Eine Sache, die ich nicht versäume, ist ein Saunabesuch, bevor ich abreise. Das ist eine finnische Tradition und eine der besten Möglichkeiten, einen frühen Herbstabend zu verbringen. Auf Lonna, einer winzigen Insel im 330-Seelen-Archipel von Helsinki, die einst von der russischen Marine als Minenlager genutzt wurde, besuche ich eine umweltfreundliche Sauna und ein Bio-Restaurant, das zum Programm Sustainable Travel Finland (STF) von Visit Finland gehört.

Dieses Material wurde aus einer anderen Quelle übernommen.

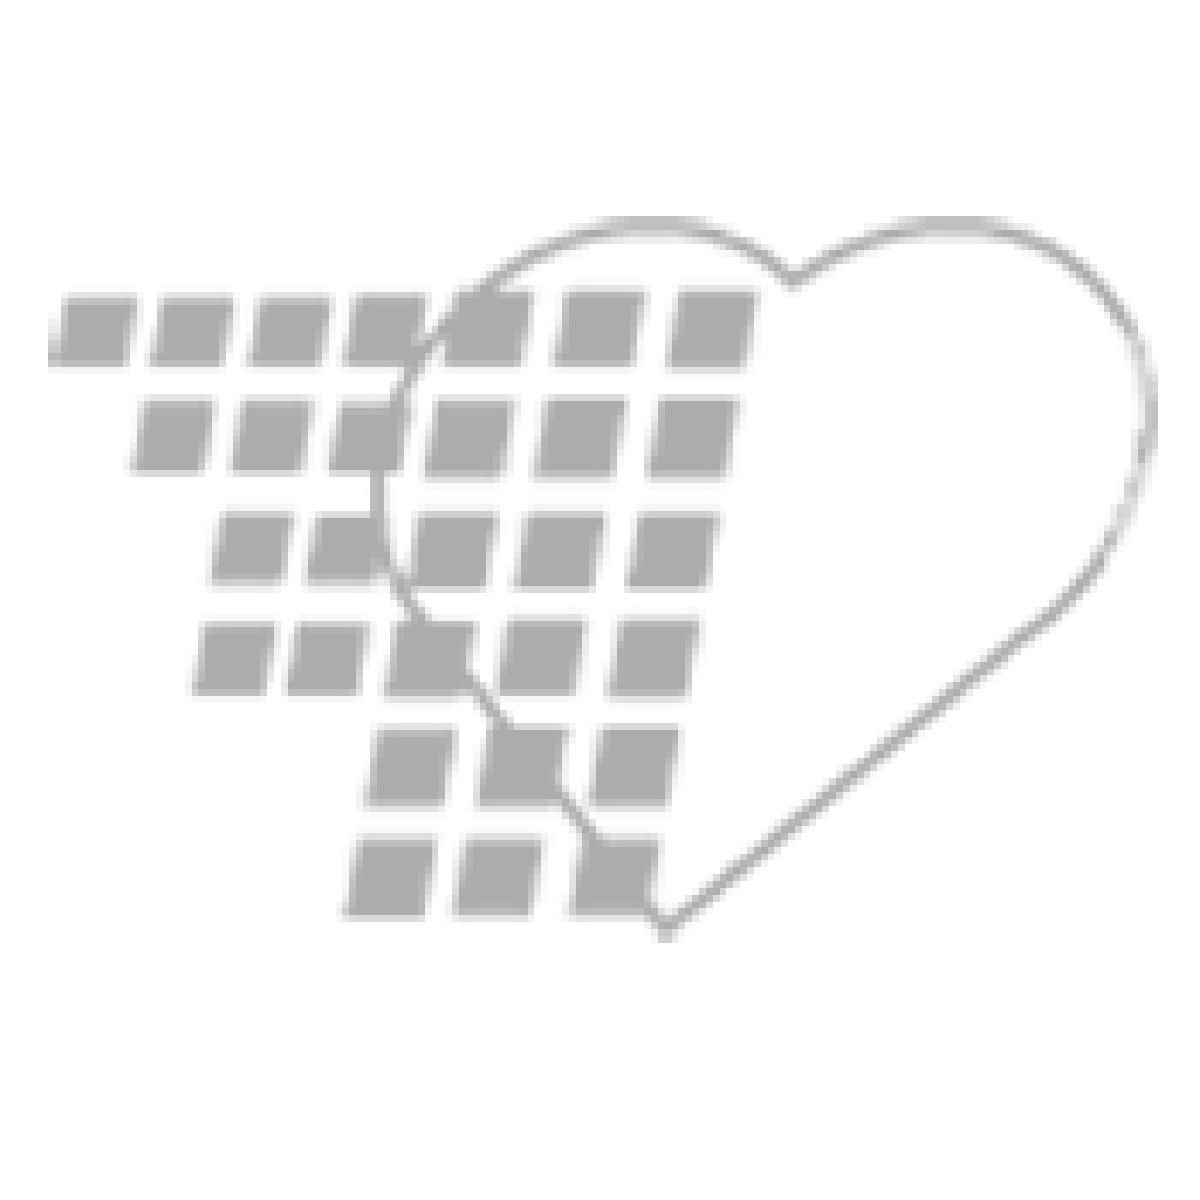 11-81-3250 Laerdal Wound Care Assessment Set Female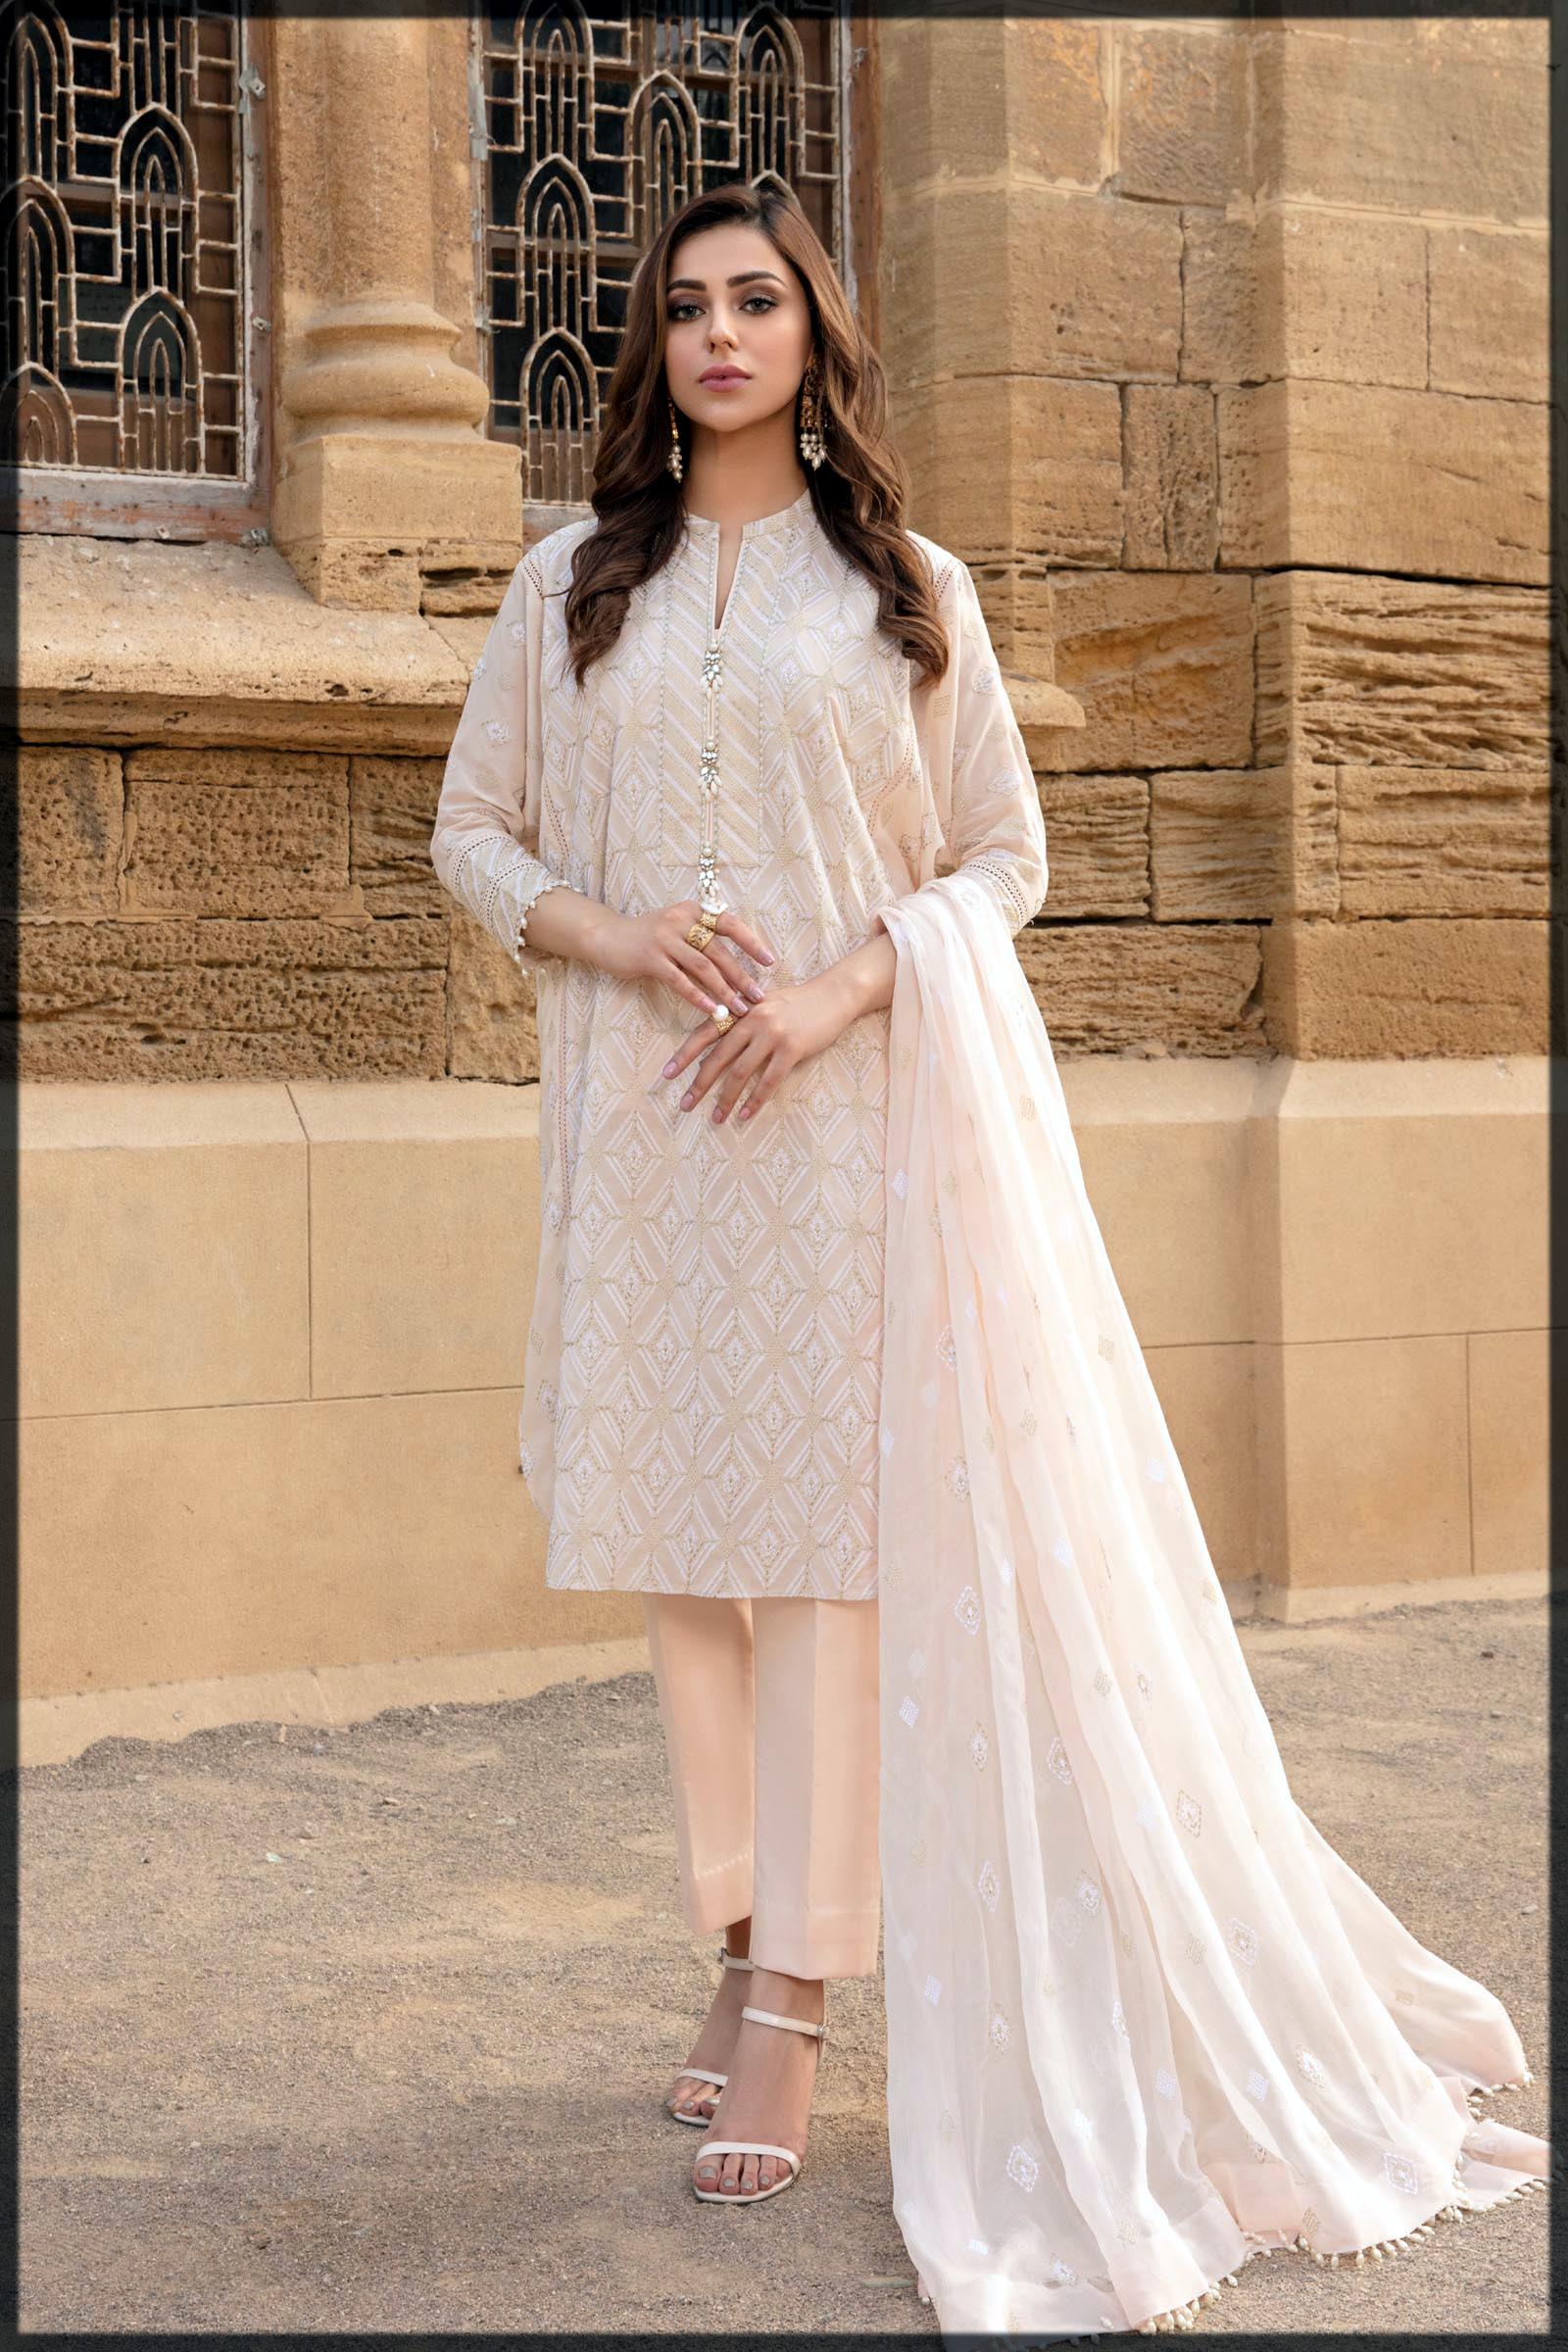 classy formal dress by bareeze

Später am Abend, auf der 10-minütigen Fährfahrt zurück zum Marktplatz, bekomme ich endlich ein Gefühl dafür, was diese unaufdringliche, saubere Stadt so lebensfroh macht. Es beginnt mit ein paar Fingern, die auf eine Bierdose trommeln, dann summt eine Gruppe von Freunden, und schließlich klettert ein Mädchen auf eine der Lederbänke und singt Pharrell Williams' Hit "Happy". Das ist improvisiert und aufmunternd, es macht einfach Spaß. Und ja, ich klatsche mit, denn wie der Text schon sagt, ist es das, was ich tun möchte.